Source:`R/weights.R`

`WeightCreators.Rd`

These should primarily be used inside models. See Details.
`ate()`

creates weights to estimate the Average Treatment Effect and
`ett()`

creates weights to estimate Effect of Treatment on the Treated.

## Usage

```
ett(design = NULL, dichotomy = NULL, by = NULL, data = NULL)
ate(design = NULL, dichotomy = NULL, by = NULL, data = NULL)
```

## Arguments

- design
optional; a

`Design`

object created by one of`rct_design()`

,`rd_design()`

, or`obs_design()`

.- dichotomy
optional; a formula defining the dichotomy of the treatment variable if it isn't already

`0`

/`1`

. See details for more information. If`ett()`

or`ate()`

is called within a`lmitt()`

call that specifies a`dichotomy`

argument, that`dichotomy`

will be used if the argument here has not been specified.- by
optional; named vector or list connecting names of unit of assignment/ variables in

`design`

to unit of assignment/unitid/cluster variables in`data`

. Names represent variables in the Design; values represent variables in the data. Only needed if variable names differ.- data
optional; the data for the analysis to be performed on. May be excluded if these functions are included as the

`weights`

argument of a model.

## Details

These functions should primarily be used in the `weight`

argument of `lmitt()`

or`lm()`

. All arguments are optional if used within
those functions.

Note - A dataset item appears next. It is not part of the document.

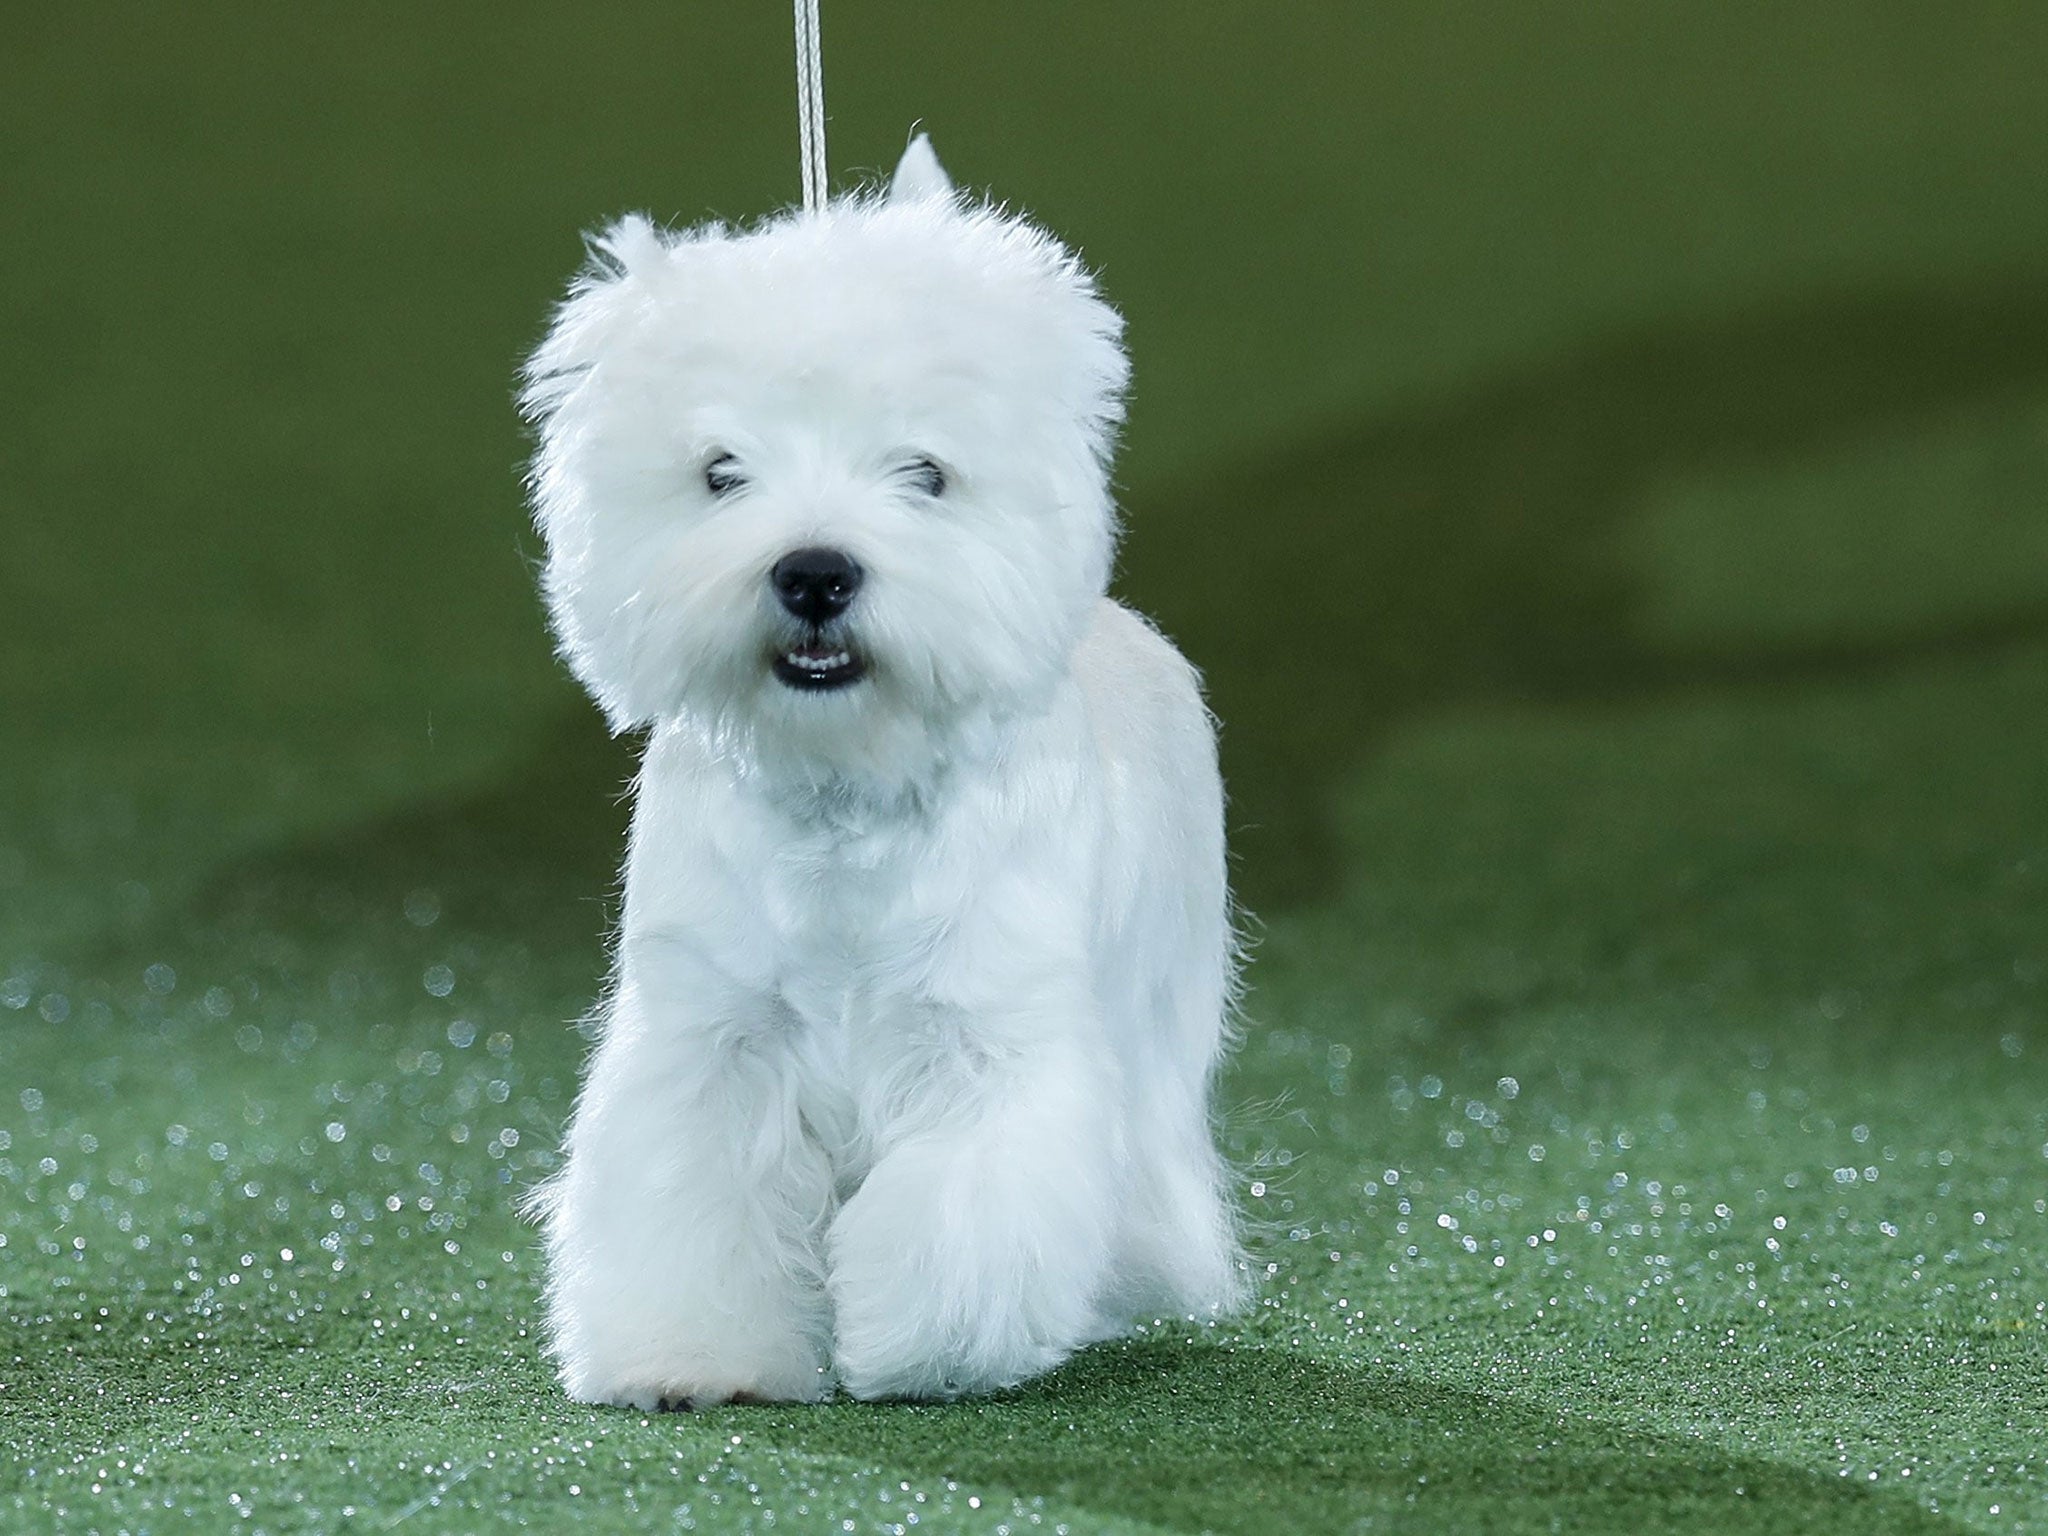 Handler Marie Burns (unseen) shows Devon, the West Highland White Terrier, after winning Best in Show on the final day of the Crufts Dog Show in Birmingham, Britain March 13, 2016

If used on their own, `design`

and `data`

must
be provided.

In a `Design`

with `block`

s, the weights are generated as a
function of the ratio of the number of treated units in a block versus the
total number of units in a block.

In any blocks where that ratio is 0 or 1 (that is, all units in the block have the same treatment status), the weights will be 0. In effect this removes from the target population any block in which there is no basis for estimating either means under treatment or means under control.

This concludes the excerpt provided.